Captured in Sydney, Australia, this shoot was designed to show that bridal inspiration doesn’t have to be ‘serious’ and ‘sexy’ – it is a JOYFUL thing and should be celebrated! So we brought together an incredible team of vendors to create this shoot, which became part of a feature in Issue 37 of White Magazine alongside words Athena wrote about our engagement season (take a peek online here!).
These words meant a lot to her, so take a read before you scroll the beautiful bridal inspiration shoot!
Gowns Karen Willis Holmes • Hair + Makeup Michelle Cato • Jewellery MEZI Australia • Florals Hey Little Wildflower • Venue Comber Street Studios • Model Jordan Gallagher
I first saw him outside a food truck in San Diego. It was almost 40 degrees Celsius and he was wearing a beanie. He was a handsome, bearded barista from Portland, who walked right up to me and told me he liked my accent.
When I met and fell for Camron, I didn’t know that two years on I would have moved overseas, left everything I’ve ever known, and that I would be about to marry an American. I didn’t know that all my dreams and expectations about my wedding day would be radically redefined as I accepted the difficulties of marrying someone from across the world. Choosing to marry Camron was also choosing the ache of long distance, a life split between two homes, divided time between two families and the difficulty of beginning life all over again away from Australia.
When I dreamed of my wedding day, I never expected it would be split across three events, 12,000km and four months, and that it would be a huge point of tension for us on top of the tensions engagement already brought.
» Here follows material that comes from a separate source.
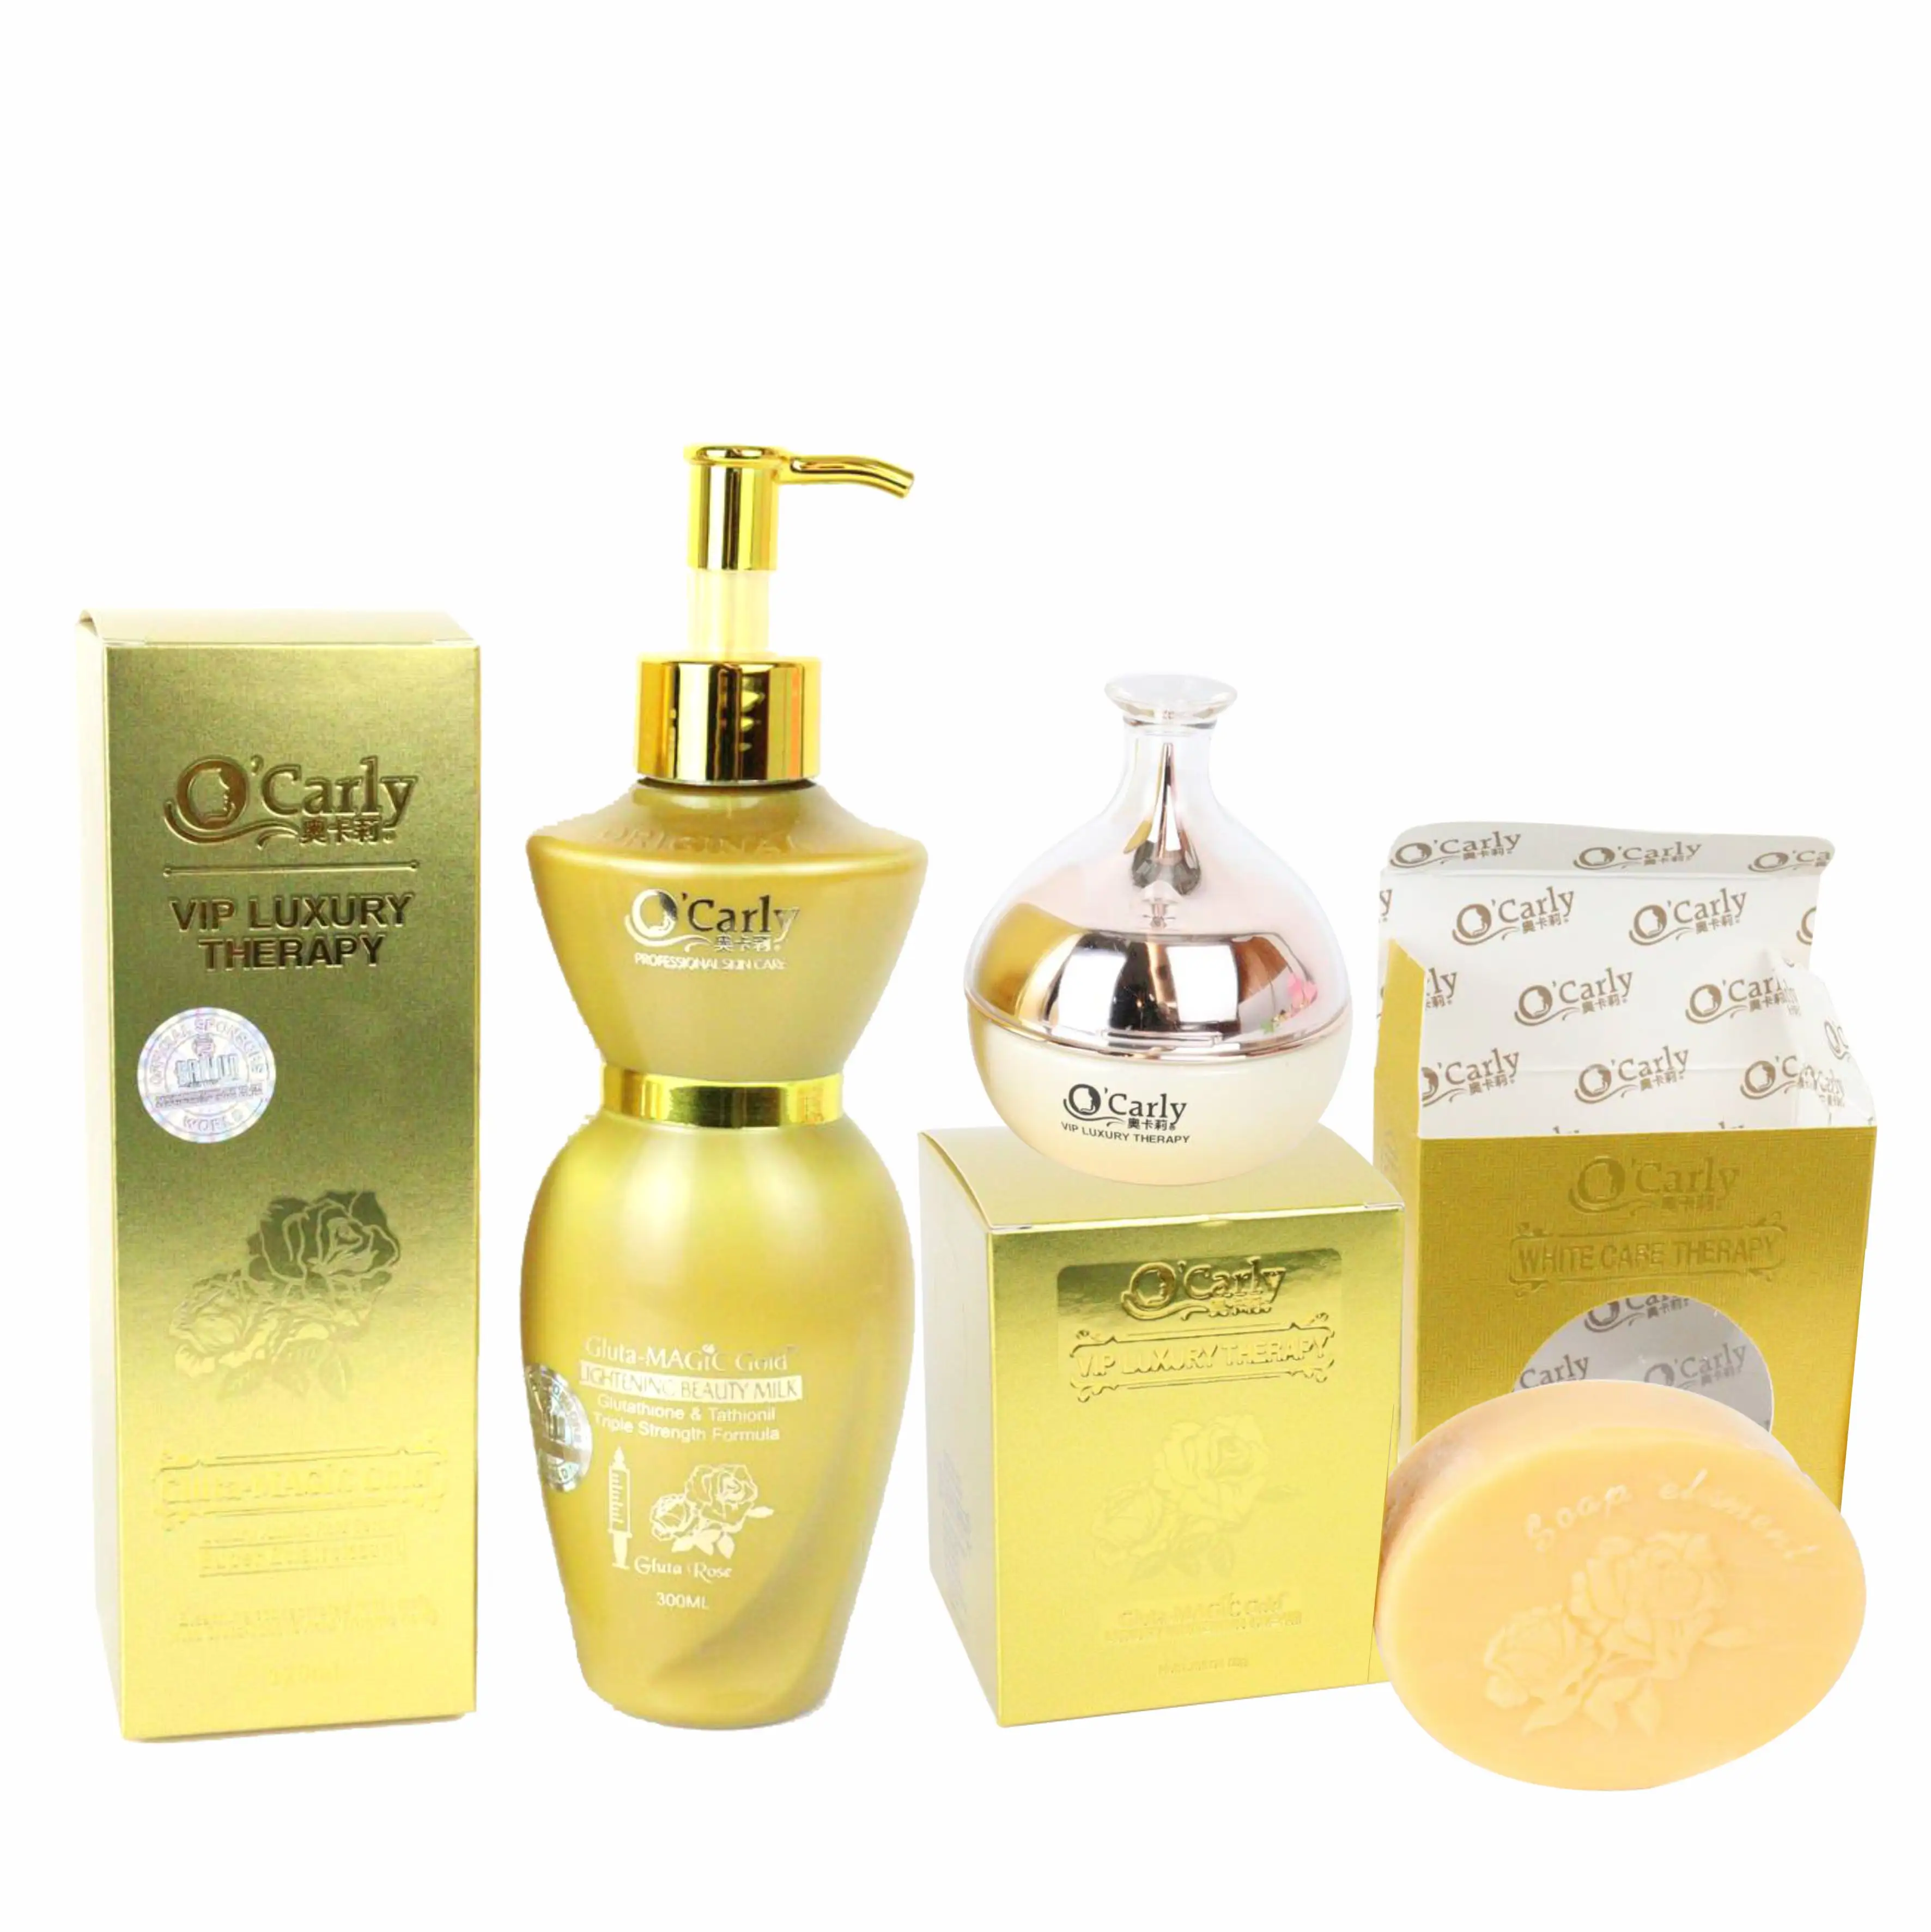 OEM Private Label Magic SkinCare Set Glow complexion with Body Lotion Serum Cream Soap whitening Luxury Custom Beauty Products

Since the day we got engaged, my fiancé and I have felt, for the most part, like we’re holding our breath. I think if I’m honest, the end goal and finish line for us has felt like the moment we say, ‘I do’ and it’s all over; all the goodbyes, all the traveling, all the saving, planning and creating. I see this same mentality all the time with couples; as they date and begin to seriously talk about marriage, they prepare their hearts, finances and circumstances for it. But from the moment they get engaged the focus of these things switch to the wedding day.
I want to be real for a second here. I’m writing this with only 25 days until my wedding. I’m right in the heights of what is usually a ‘stressful’ and ‘chaotic’ time—last minute planning, everything coming together, absolute busyness and functioning at your fullest capacity. In the first few months of our engagement, I was unable to make myself stop from my own busyness. My life was too loud to seek quietness, too fast to slow down. Hyped up by coffee, but without the awareness of a vibrant feel for the ‘now’. I’ve seen it in myself too; in all my haste, I think I’m making up for time, but it turns out I’m losing it. “Hurry always empties a soul”—Ann Voskamp.
But I discovered something that has completely changed my heart. It has helped me live with healthy perspective now, right in the midst of this chaos. And it was learning to reorient my mind toward the real goal of marriage: not being a bride, but becoming a wife, and preparing for a lifetime with the man I love.
I want to always keep this at the forefront of my mind; weddings are good, but marriage is better. The first day is important, but the choices you make now are better made in light of the last day.
Don’t get me wrong; being a bride is a beautiful thing and it is unspeakably exciting. Even calling them ‘fiancé’ is special! The root of the word ‘fiancé’ simply means ‘future’, so I often just call Camron my ‘future’, a constant reminder of what’s to come. So here’s the thing—when you have a healthy perspective that the end goal of your wedding is the marriage, your heart is liberated to make healthy decisions, both small and large. Time goes fast during engagement, but I encourage you to weigh it down with thankfulness so you can live slowly, presently, appreciating the unique beauty of this time so that you can prepare to love your future-husband fiercely, fully and faithfully. True joy runs deeper than just this one season and will overflow into your marriage.
As a bride, I need to reorient the way I think about my wedding. Being a bride is not the end goal; becoming a wife is! Though I have spent more hours of my life dreaming of being a bride then dreaming of being a wife, now I can say that I’ve honestly spent less time stressing and more time swooning over my future-husband. I have chosen to focus less on the small details of the day and more on my future with Camron. Being a bride is for a short moment in time—being a wife is for the rest of your lives together. The party is over in a few short hours, but that’s when the millions of hours afterward really begin—life living with your best friend and adventure partner, and choosing to fiercely love one another even when it’s really hard.
I choose not to see our wedding day as the finish line, where we sit there on our honeymoon reeling like we’ve just run a marathon. As a bride, I don’t want to hold my breath; I want to breathe deep, to slow down time with presentness, thankfulness and stillness as I prepare to become a wife.